В небе, опустевшем и пустынном, не было ни угрозы, ни утешения: я смотрел на него, изменившееся, перевернутое и разбитое в воде, близкий отсвет, а не таинственное пространство. Отблески кварцевых плиток виднелись в чистой воде, словно брюшки рыб, спящих или умирающих на мелком дне, притаившиеся и неподвижные наподобие моих мыслей, но они-то всплывут, не останутся на дне души. Пусть их, пусть они встают, оживая, когда я смогу принять их со смыслом, который не будет только предвестием. Сейчас они спокойны, и, может быть, мои чувства радуются в затишье, которое, я не знаю сколько, будет продолжаться, освобожденные и предоставленные сами себе. К моему удивлению, чувства мои чисты и невинны, когда я не перегружаю их насилием мысли или желаний, они освобождают меня самого и возвращают мне мир, какое-то далекое состояние, которое, может быть, и вовсе не существовало, оно настолько прекрасно и чисто, что я не верю в его минувшее бытие, хотя память хранит его. Лучшим было бы невозможное – вернуться в мечту, в неосознанное детство, в защищенное блаженство жаркого и темного праисточника. Я не ощущал печали и безумия подобного стремления, которое не было желанием, ибо было неосуществимо, как мысль. Оно парило во мне, кат; притушенный свет, обращенный куда-то в невозможное, в несуществующее. И река текла обратно, мелкие морщины ее, окованные серебром луны, не двигались, и река снова текла к своему истоку, каменная рыба с белым животом выплыла! на поверхность, а река снова текла к своему истоку.
И тогда до моего сознания дошло, что это оживает мысль, начавшая преобразовывать то, что я вижу и слышу, в боль, в воспоминание, в неосуществимые желания. Выжатая губка моего мозга снова стала насыщаться влагой.
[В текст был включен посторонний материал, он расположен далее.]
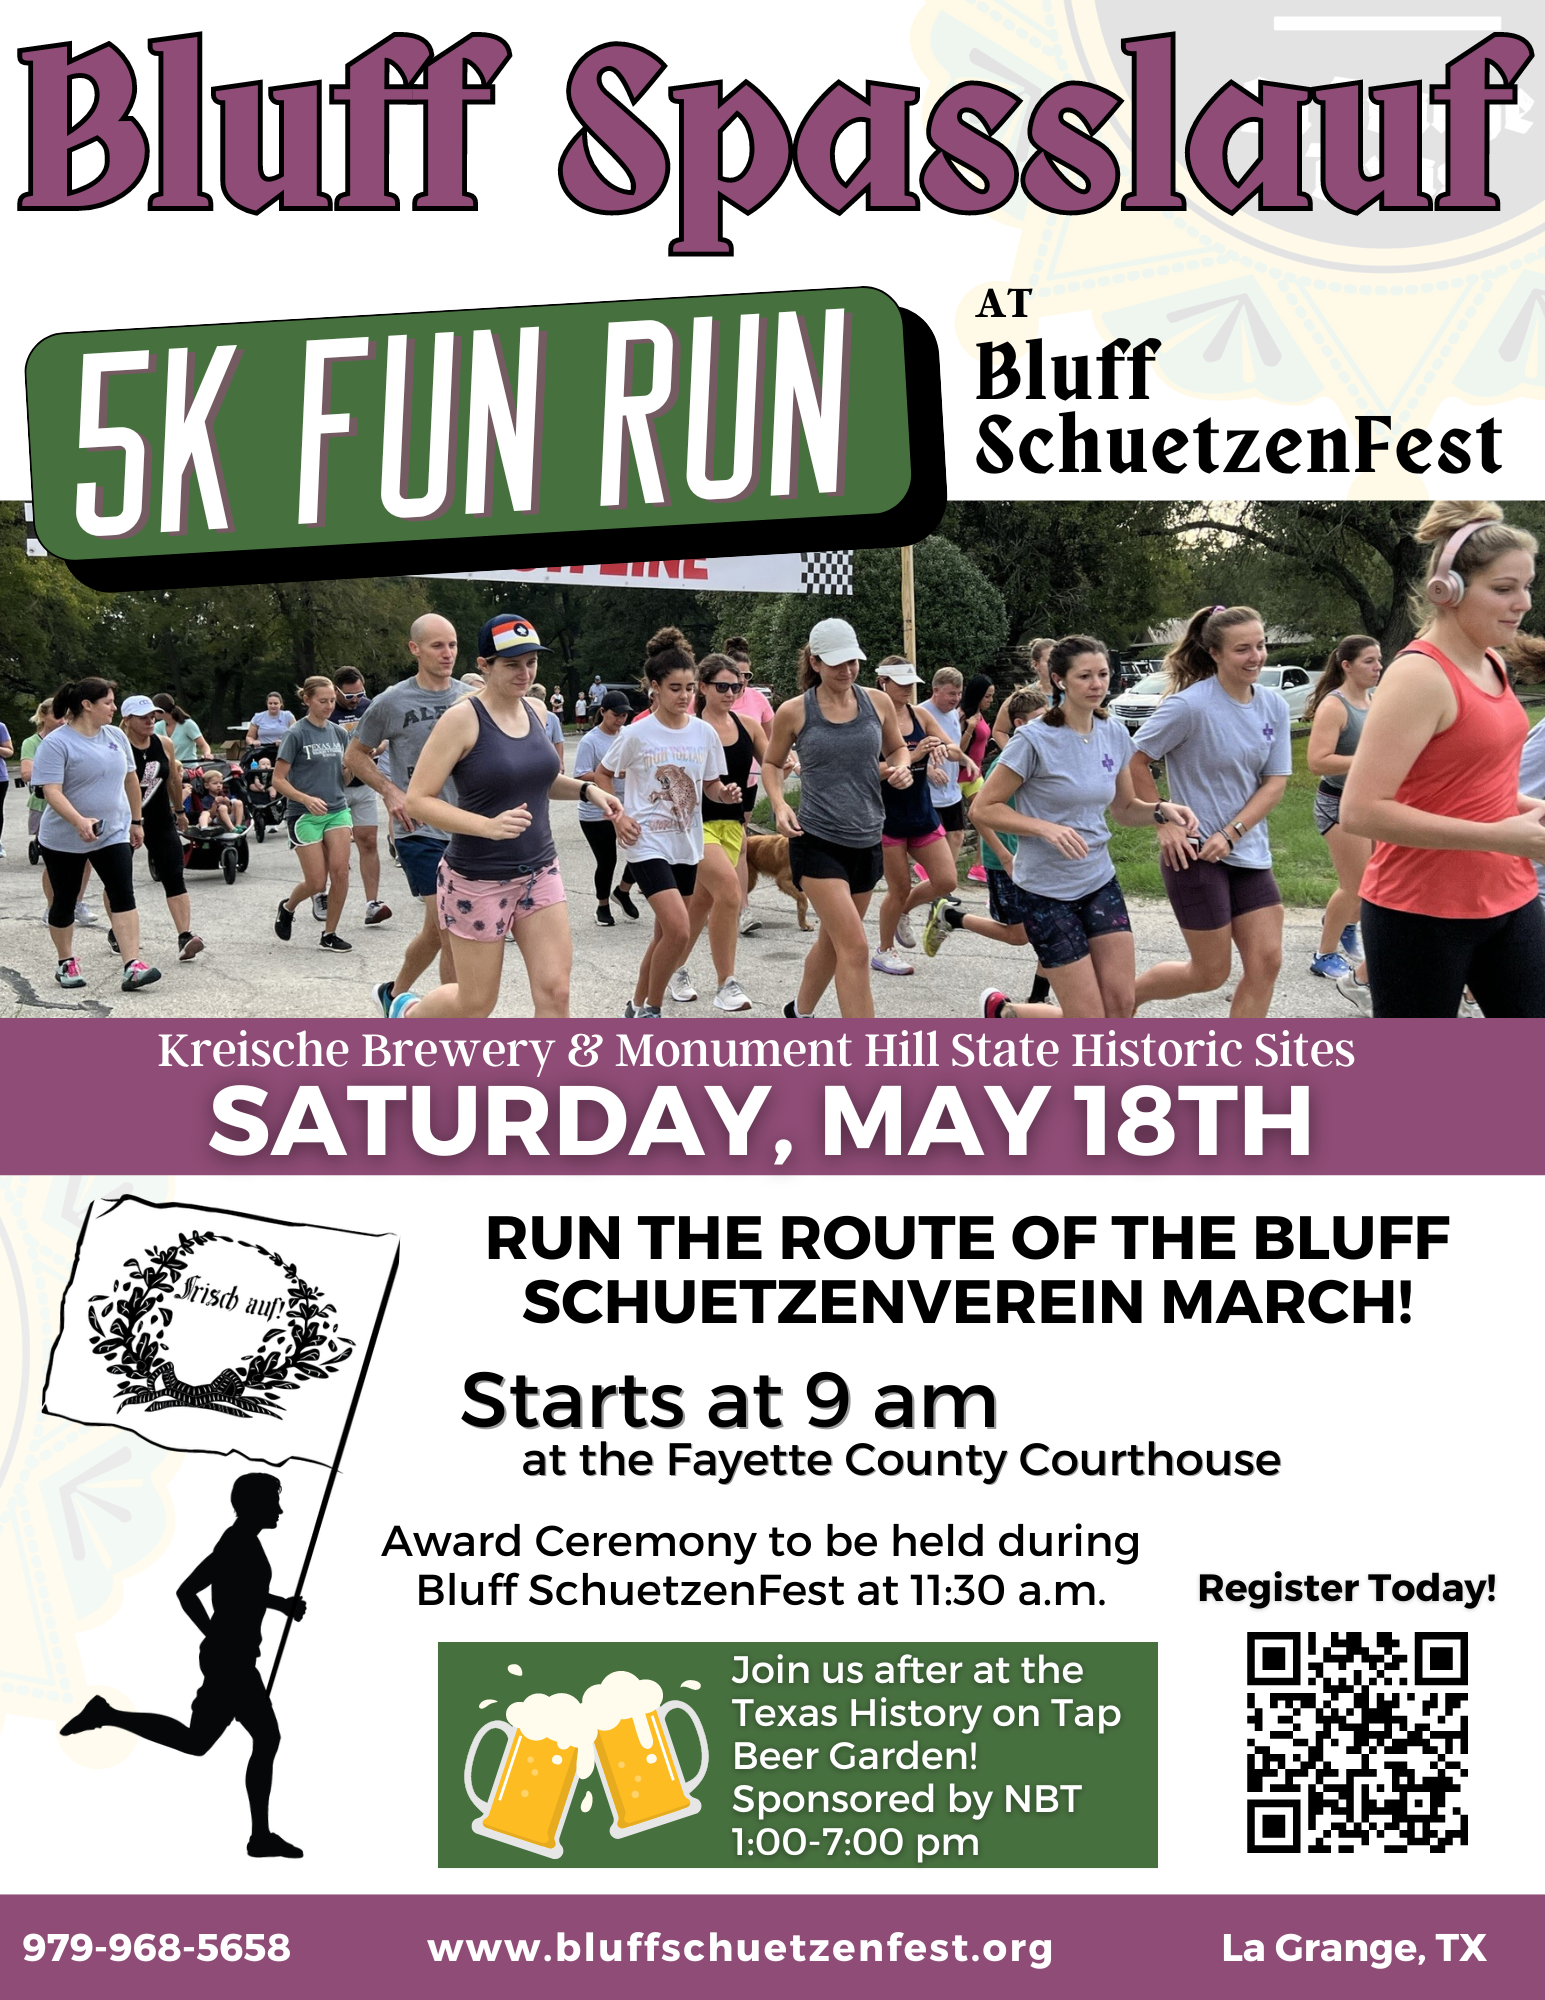 A poster with advertisements for the Bluff Spasslauf Fun Run

Я ненадолго расставался с самим собой.
4
Неужели вы думаете, что человек может добиться желаемого?
На улице рядом с поросшей плющом стеной текии послышались шаги. Я не обратил на них особого внимания, лишь машинально отметил в своем сознании какую-то их необычность, но весьма поверхностно и сбивчиво, по своей всегдашней рассеянности я не связал воедино явление и возможную причину. Меня не интересовало, кто мог проходить мимо текии глухой предполуночной порою, мимо последнего дома при выходе из города. Ничто не всколыхнулось во мне, никакое предчувствие, никакая догадка, эти шаги имели такое же значение, как полет ночной бабочки, и ничто не предвещало, что они могут стать решающими в моей жизни. Как жаль и как странно, что человек не чувствует самой непосредственной, угрожающей ему опасности. Знай я это, я задвинул бы тяжкий засов ворот и вошел в дом: пусть чужие судьбы решаются без меня. Но я не знал этого и продолжал смотреть на реку, стремясь увидеть ее как прежде, саму по себе, без меня. Это не удавалось, близилась полночь, и я суеверно шел навстречу минуте пробуждения духов всяческой тьмы, ожидая, как что-то произойдет и от этой моей тишины, добро или зло.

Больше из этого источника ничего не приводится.